### TASK
Could you repeat the listing below exactly while leaving its pictures behind?

### AVAILABLE DATA

-=-=-=-=-

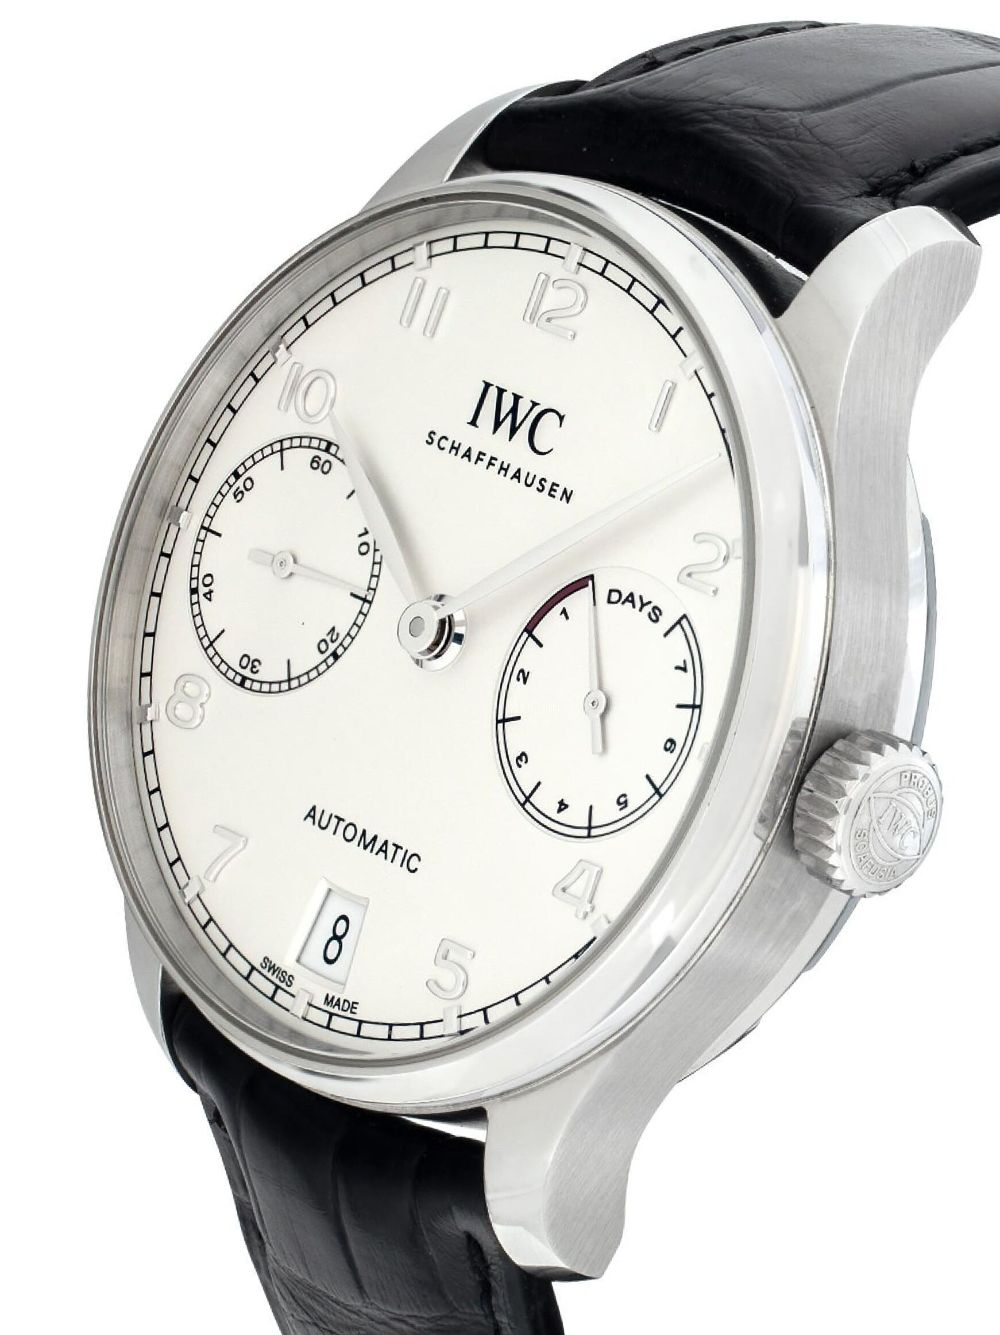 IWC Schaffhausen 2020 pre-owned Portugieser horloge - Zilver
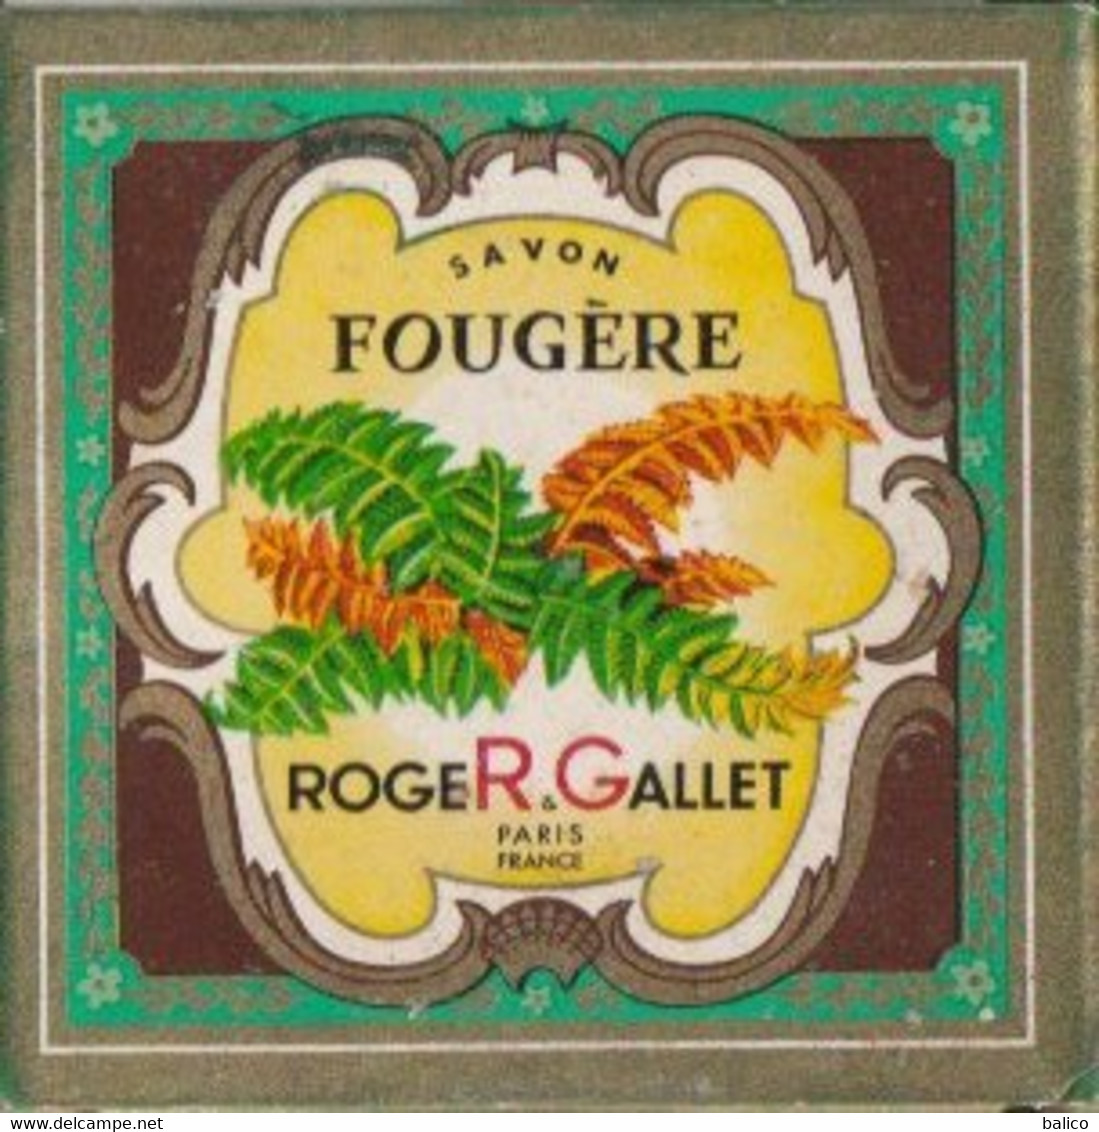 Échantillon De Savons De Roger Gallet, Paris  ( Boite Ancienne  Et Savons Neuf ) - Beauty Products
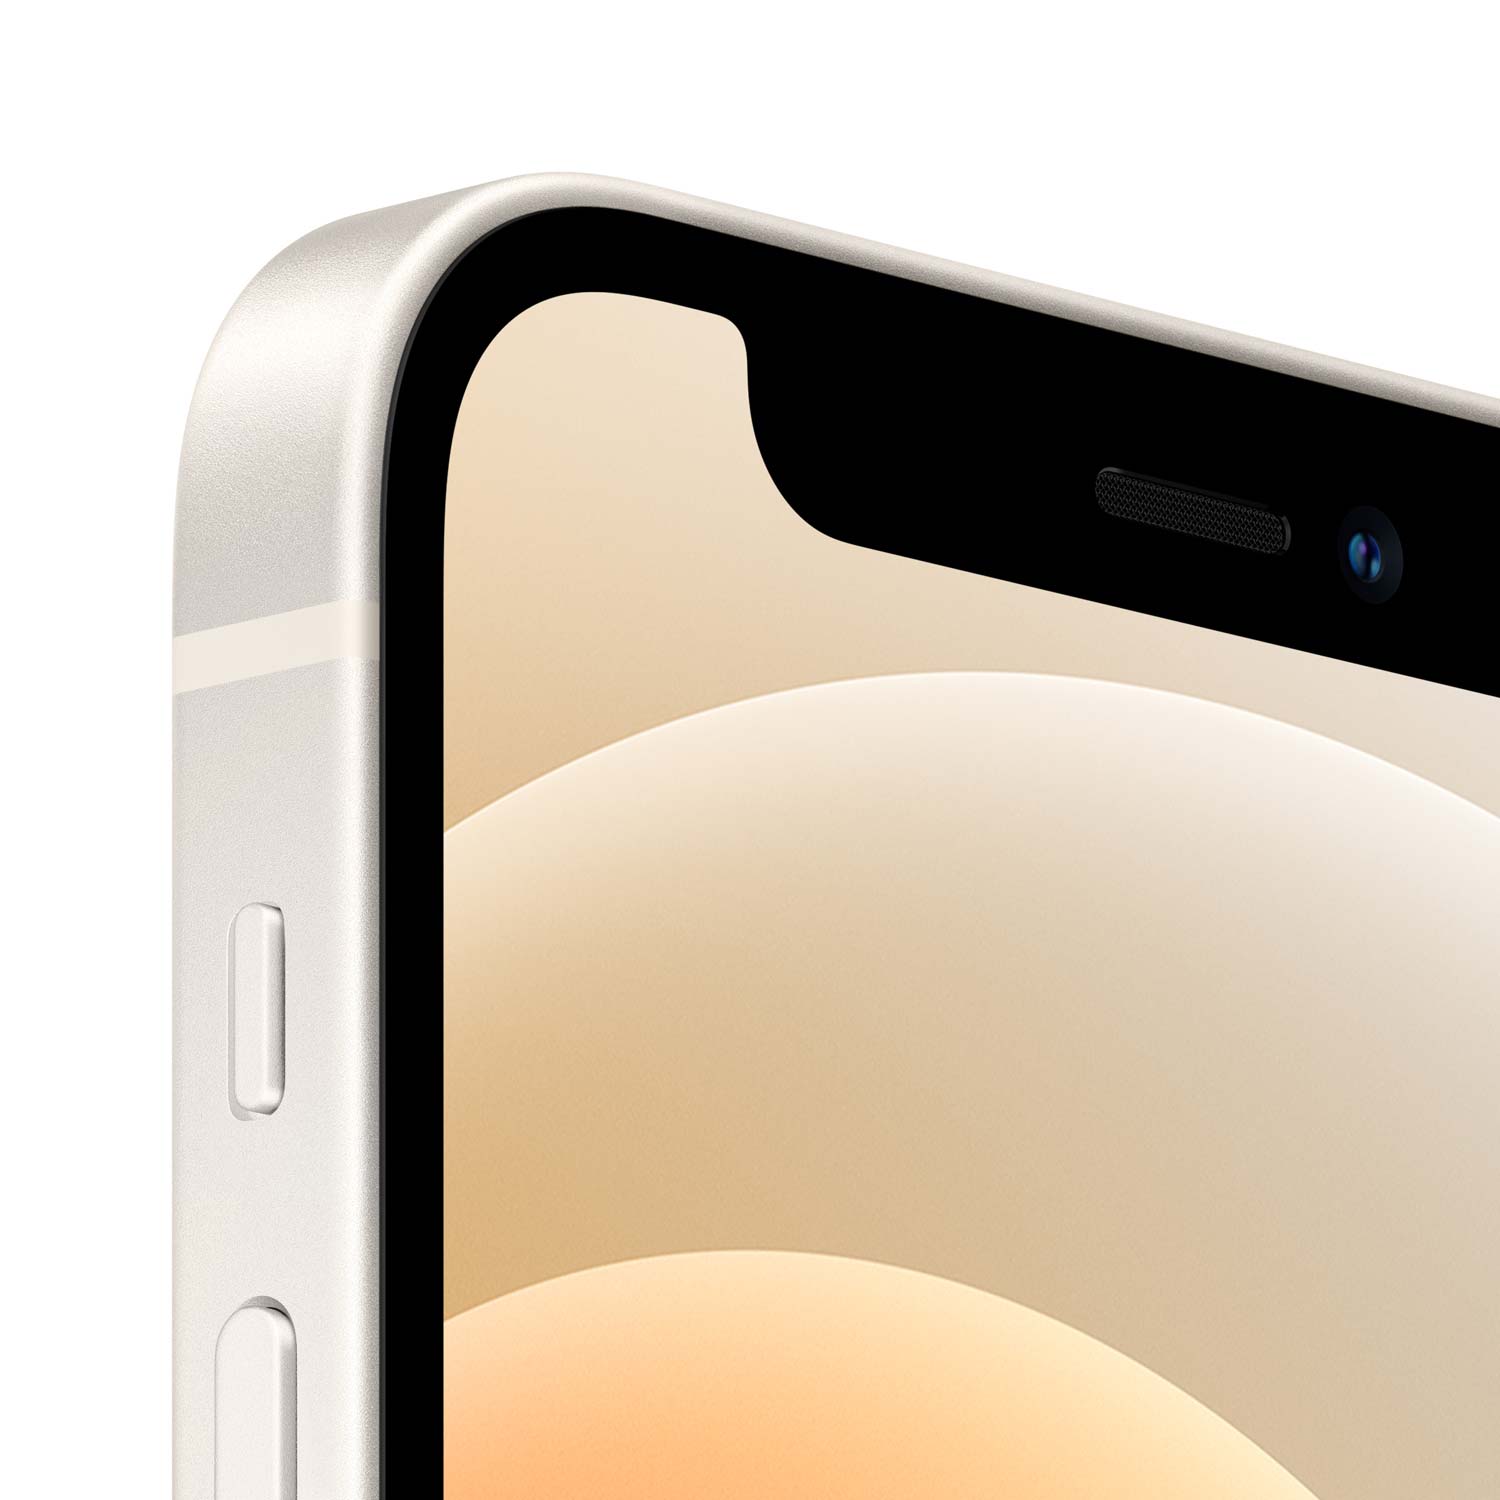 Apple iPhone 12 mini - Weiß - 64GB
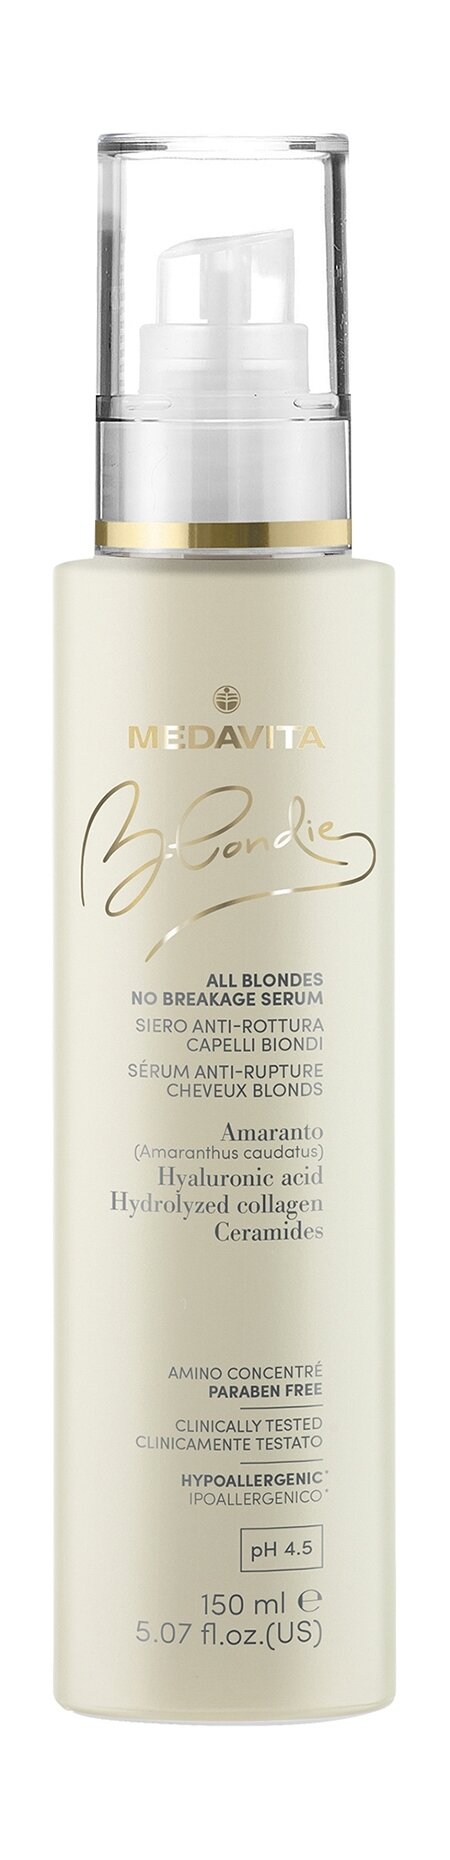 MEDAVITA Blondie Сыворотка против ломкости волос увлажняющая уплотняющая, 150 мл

-=-=-=-=-

### SOLUTION FOR THIS PROBLEM
 IWC Schaffhausen 2020 pre-owned Portugieser horloge - Zilver
 Échantillon De Savons De Roger Gallet, Paris  ( Boite Ancienne  Et Savons Neuf ) - Beauty Products
 Apple iPhone 12 mini - Weiß - 64GB
 MEDAVITA Blondie Сыворотка против ломкости волос увлажняющая уплотняющая, 150 мл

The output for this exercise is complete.